Main Outcome Measure
Neural activations measured by functional magnetic resonance imaging while participants viewed angry, sad, and neutral faces.
Comparing angry vs neutral faces, participants with both CD subtypes displayed reduced responses in regions associated with antisocial behavior compared with controls; differences between the CD subtypes were not significant. Comparing each expression with fixation baseline revealed an abnormal (increased) amygdala response to neutral but not angry faces in both groups of CD relative to controls. For sad vs neutral faces, reduced amygdala activation was observed in EO-CD relative to AO-CD and control participants. Comparing each expression with fixation revealed hypoactive amygdala responses to sadness in individuals with EO-CD relative to AO-CD participants and controls. These findings were not accounted for by attention-deficit/hyperactivity disorder symptoms.
Neurophysiological abnormalities are observed in both CD subtypes, contrary to the developmental taxonomic theory of CD. Additional amygdala hypofunction in relation to sad expressions might indicate why EO-CD is more severe and persistent than AO-CD.

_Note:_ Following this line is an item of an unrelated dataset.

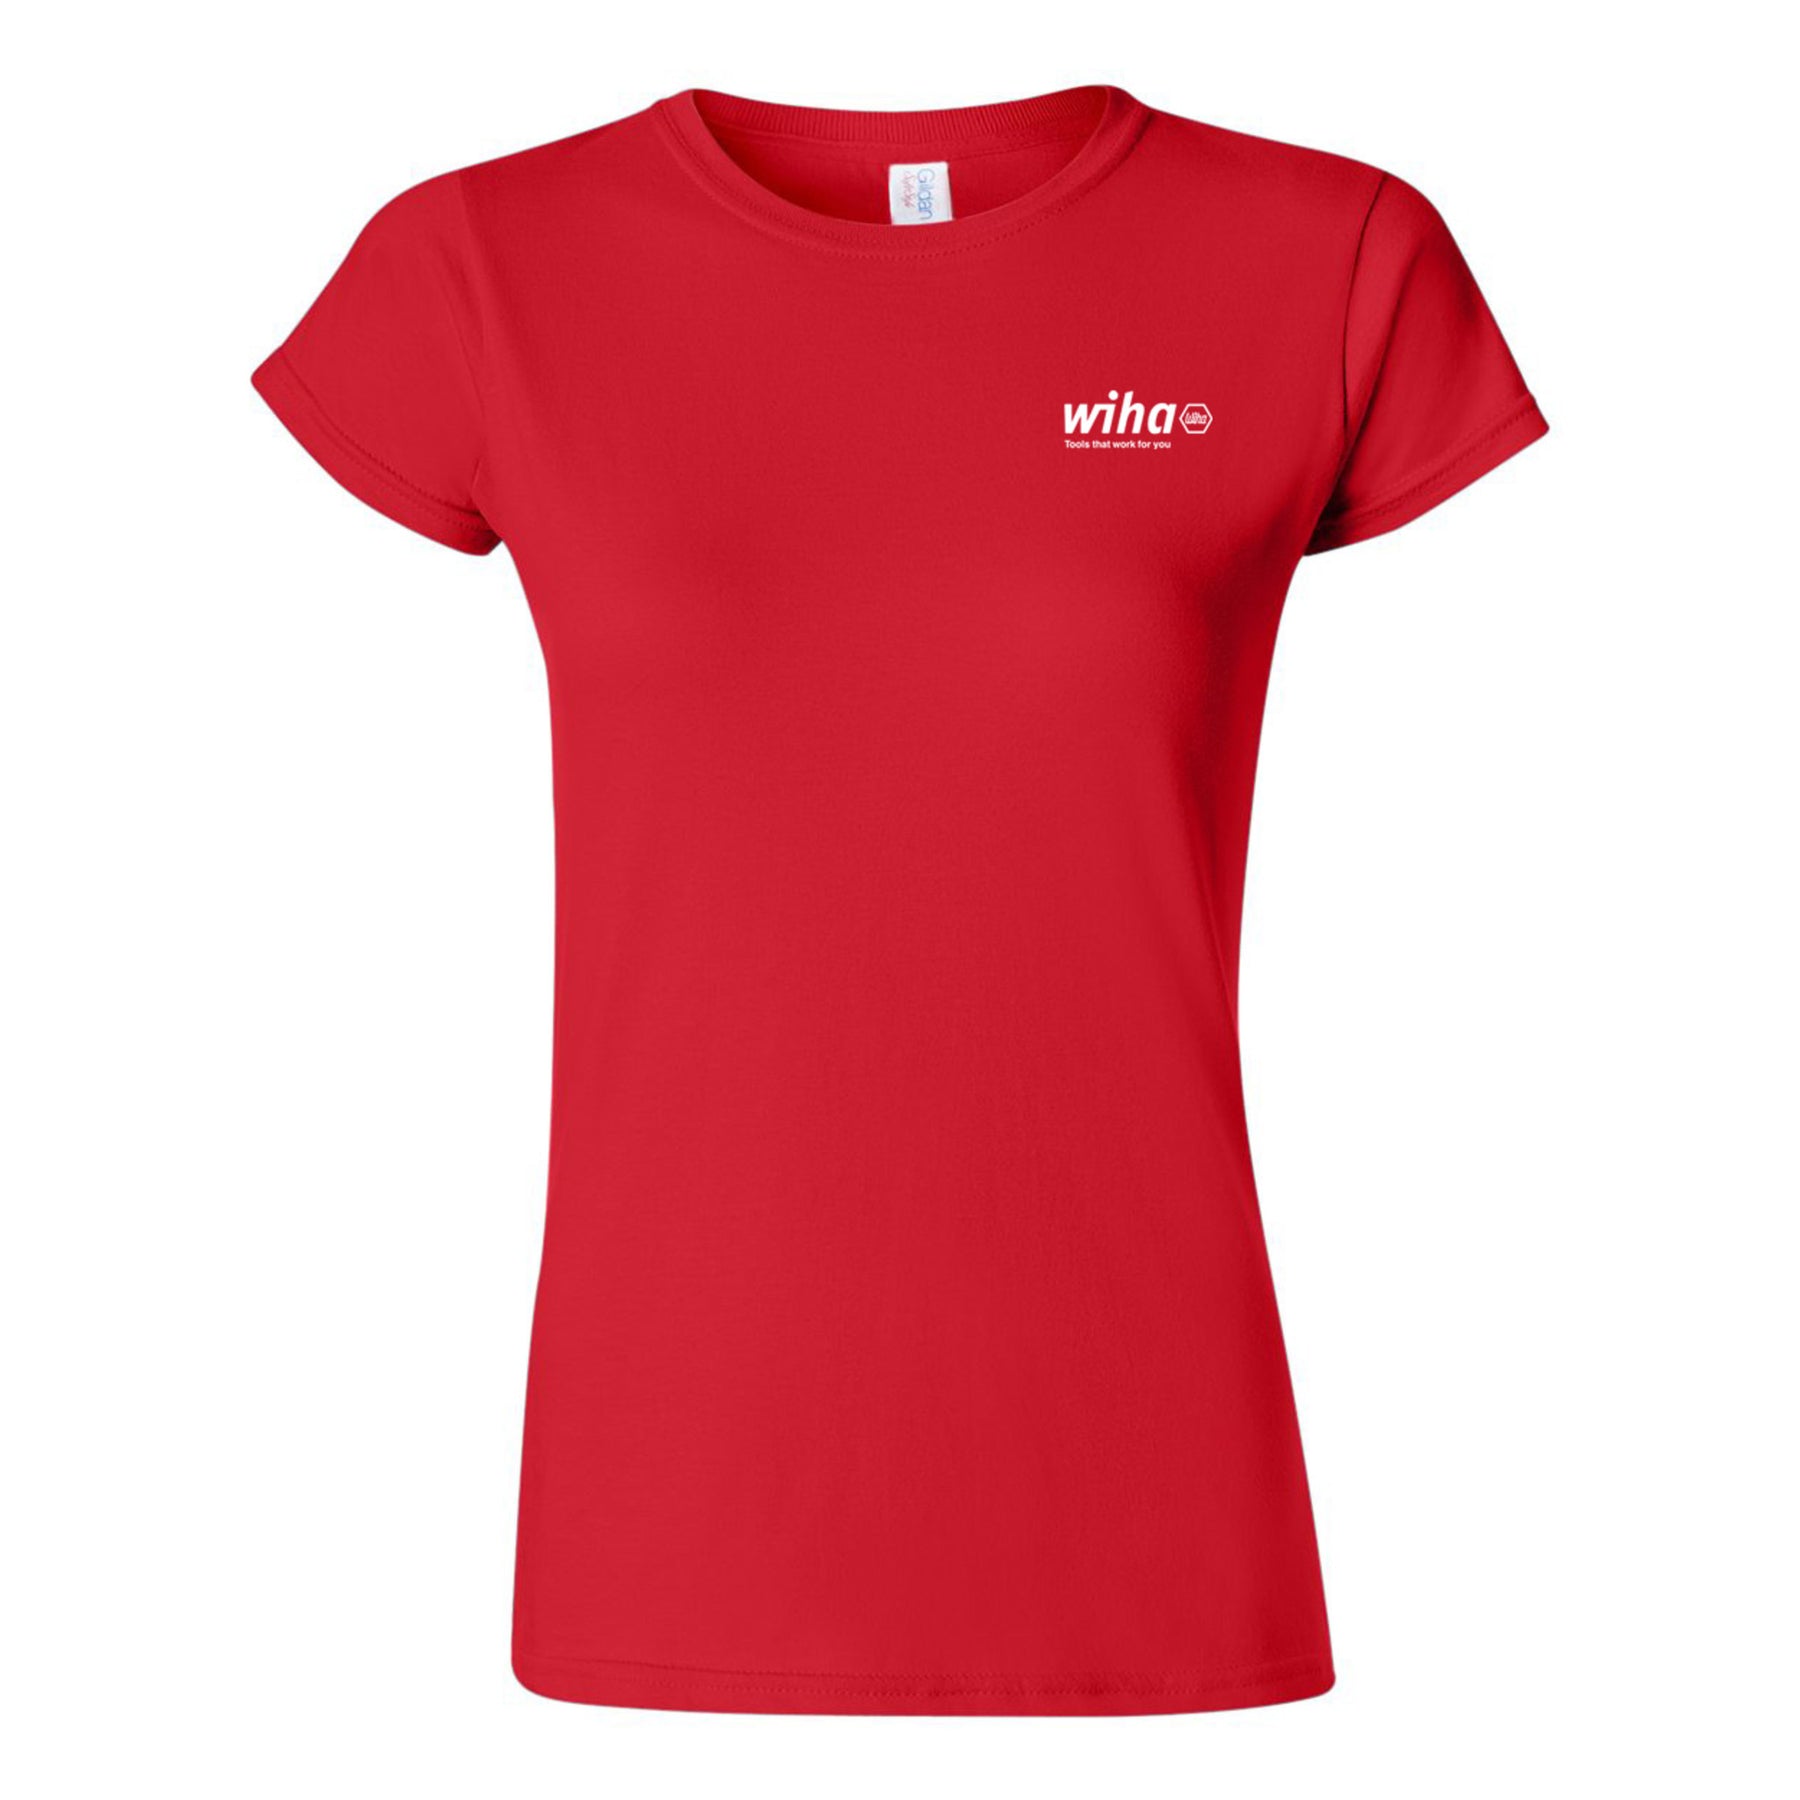 Wiha 91624 Wiha Women's T-shirt Red XXL

Conduct disorder (CD) emerges in childhood or adolescence and is characterized by a pervasive pattern of aggressive and antisocial behavior.1 Individuals with CD are at increased risk of developing a range of mental and physical health problems in adulthood.2- 4 Their antisocial behavior and greater use of public services means that it costs society 10 times more to raise children with CD to adulthood compared with those without conduct problems.5,6
A central issue concerns the etiology of 2 putatively distinct developmental trajectories of antisocial behavior. Following Moffitt's influential developmental taxonomic theory,7 the DSM-IV distinguishes between the following 2 subtypes of CD: an early-onset (EO-CD) variant in which severe antisocial behavior emerges in childhood, and an adolescence-onset (AO-CD) subtype developing after 10 years of age.1 Individuals with EO-CD are more likely to display aggressive symptoms and to develop antisocial personality disorder in adulthood than those with AO-CD.1 Moffitt7 posited that only EO-CD has a neurodevelopmental basis, as evidenced by neuropsychological impairments in verbal and executive functions, together with differences in temperament and emotional reactivity. In contrast, she excluded nervous system abnormalities as contributing to adolescence-limited CD and proposed that this form of antisocial behavior reflects social mimicry of deviant peers.7 Support for Moffitt's hypothesis would require evidence of abnormal neurophysiological function in the EO-CD variant alone, but there are reasons to suspect that this may not be found. In particular, recent behavioral studies8- 10 reported equivalent impairments in the EO-CD and AO-CD subtypes on neuropsychological tasks assessing cognitive and emotional functions. This suggests possible commonalities in the neurophysiological profiles of the 2 variants, thereby providing support for a shared neurophysiological etiology. We investigated this issue for the first time, to our knowledge, in the context of a functional magnetic resonance imaging (fMRI) experiment in which participants viewed emotional and neutral facial expressions.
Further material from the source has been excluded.